• **ABOUT THIS TASK**: The pictures get dropped, while every remaining part of the listing is copied exactly.
-------- INPUT DATA --------
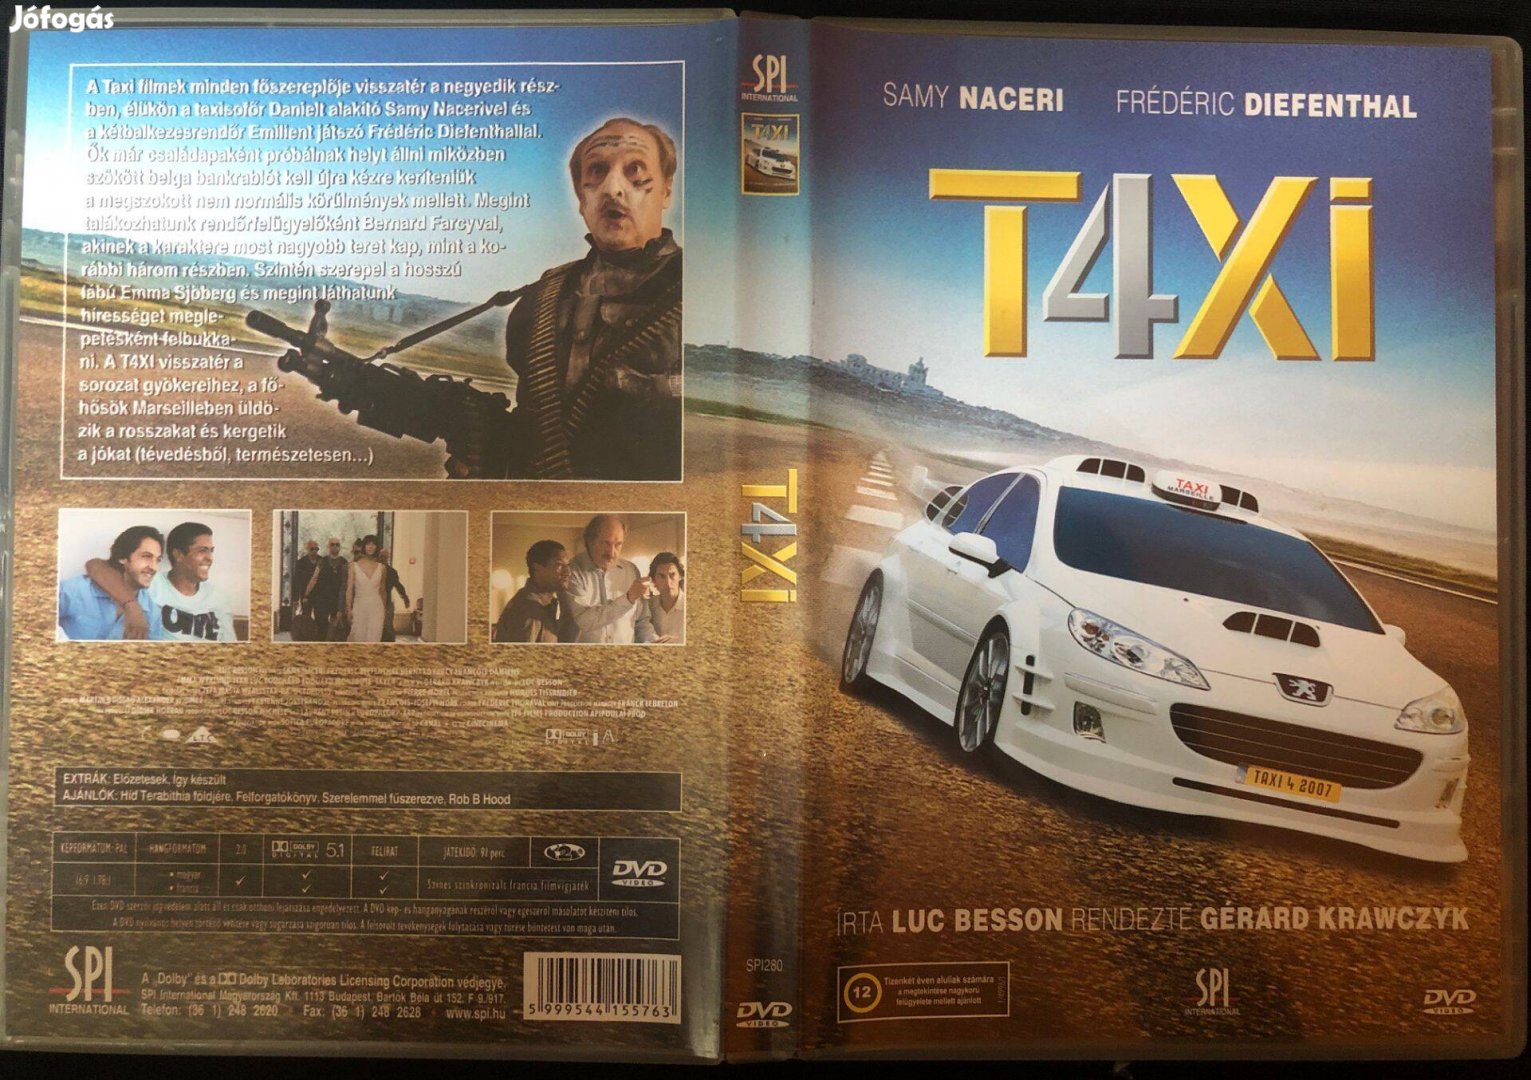 Taxi 4. DVD (karcmentes, Samy Naceri, Frédéric Diefenthal)
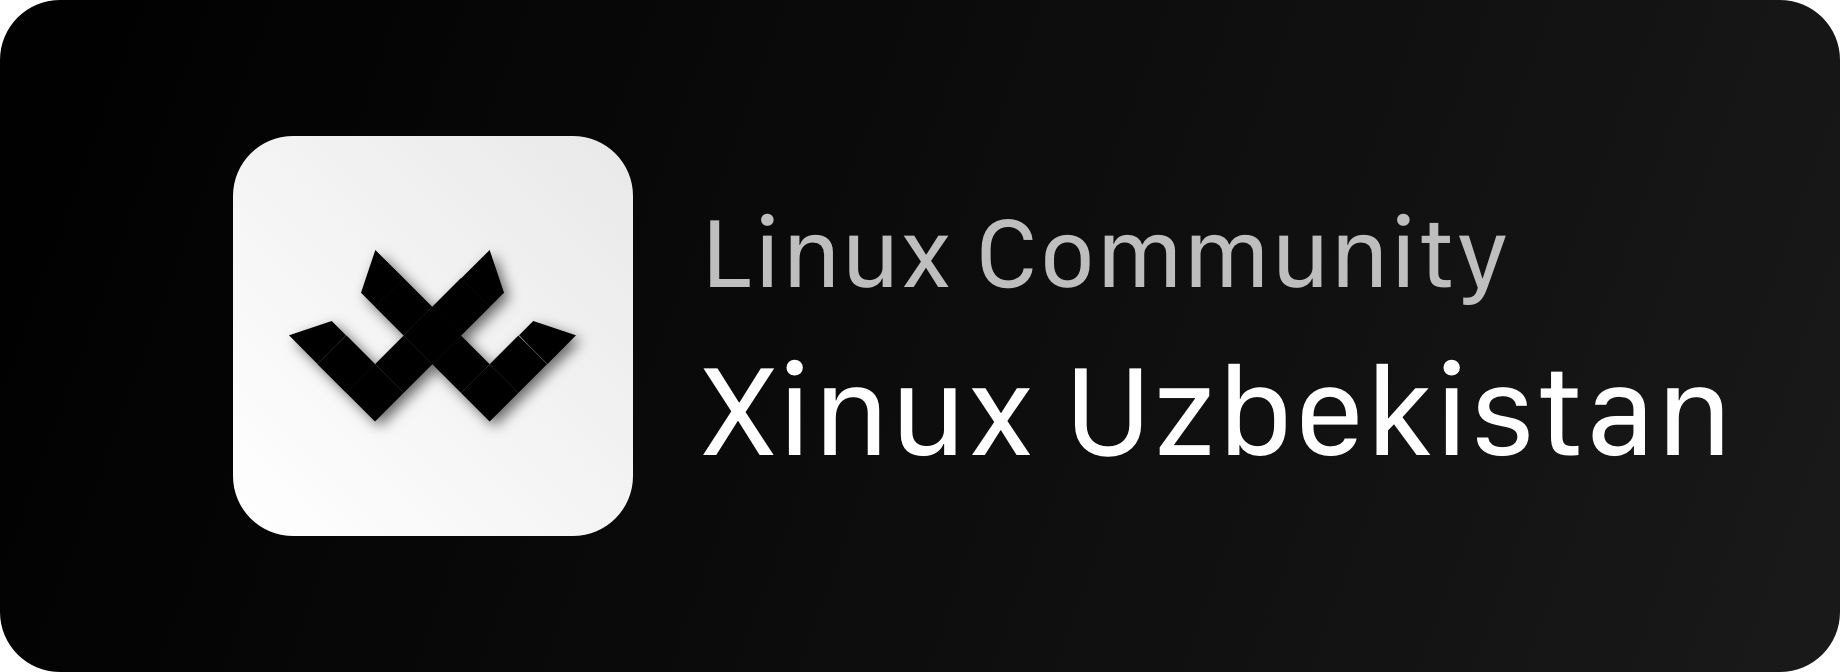 Xinux Community
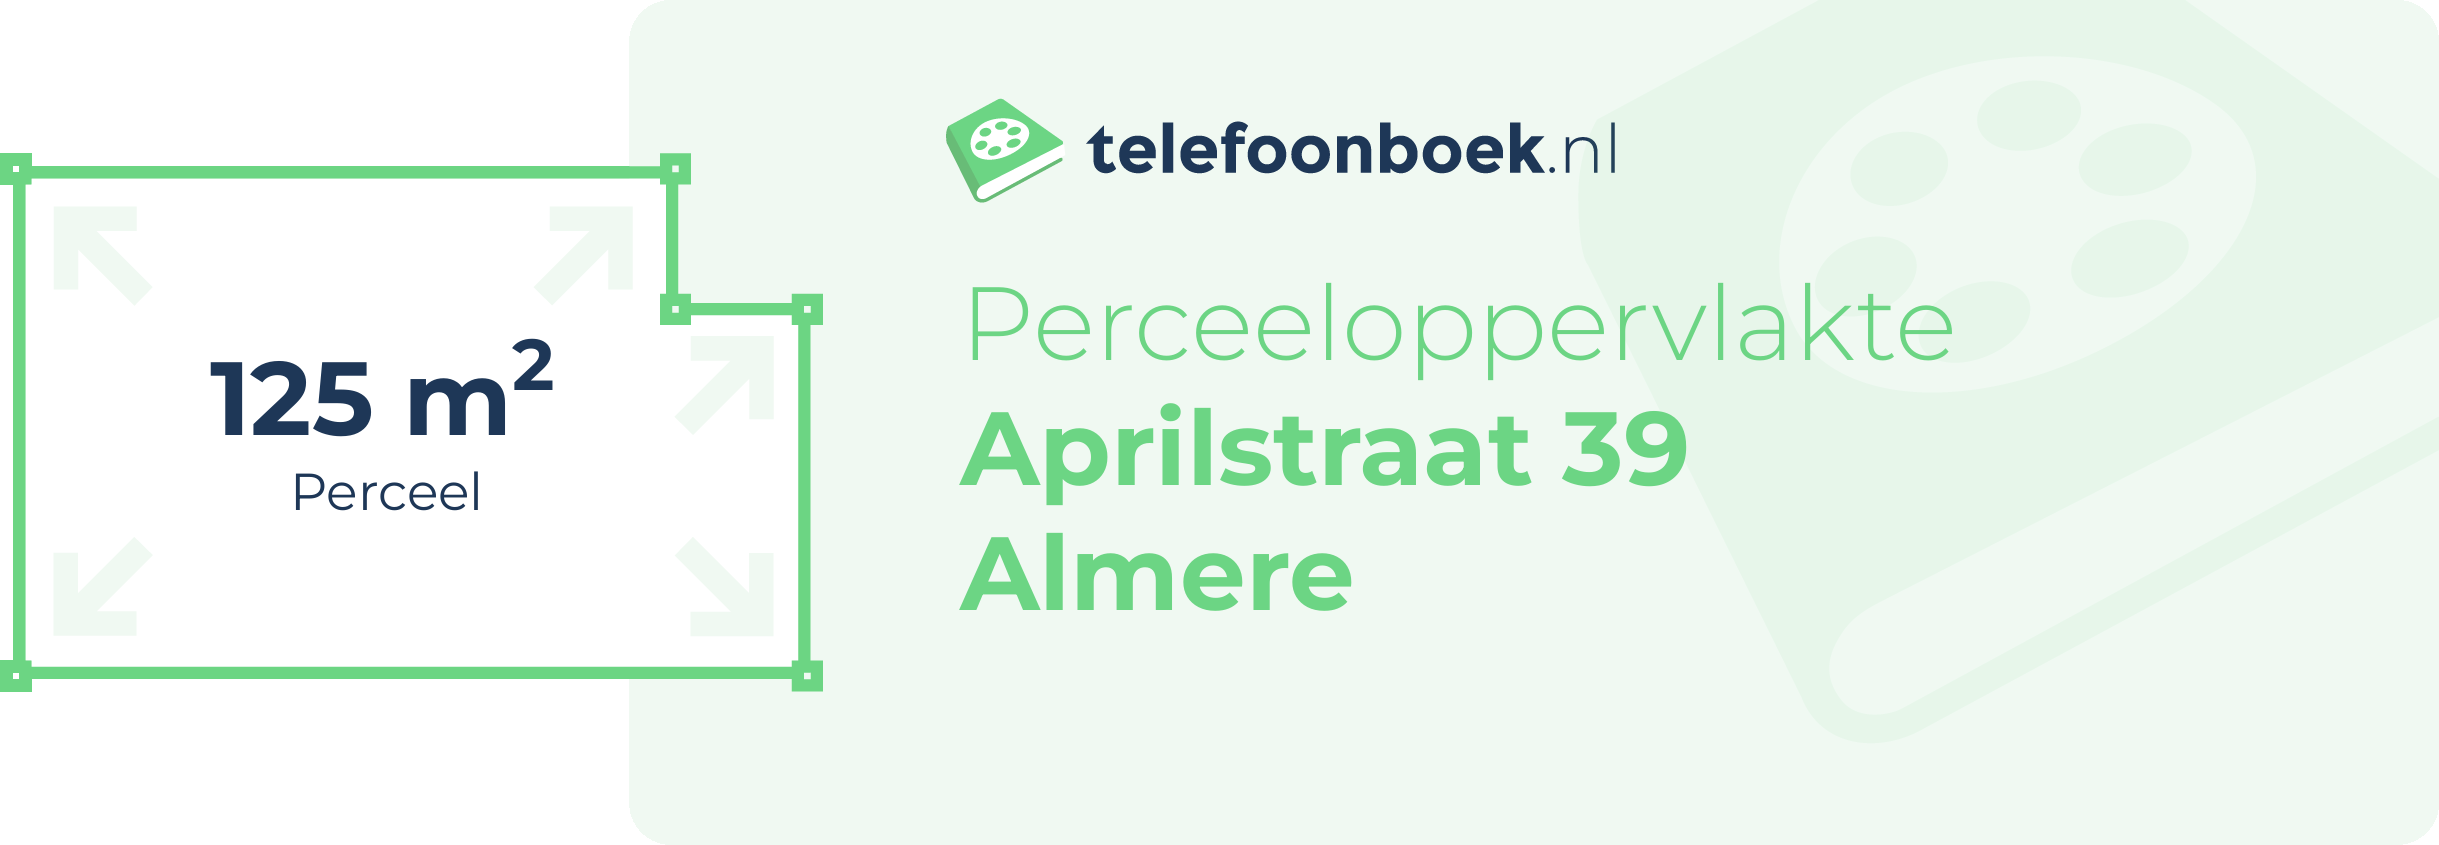 Perceeloppervlakte Aprilstraat 39 Almere
--------
• **ANSWER SPACE**:
 Taxi 4. DVD (karcmentes, Samy Naceri, Frédéric Diefenthal)
 Xinux Community
 Perceeloppervlakte Aprilstraat 39 Almere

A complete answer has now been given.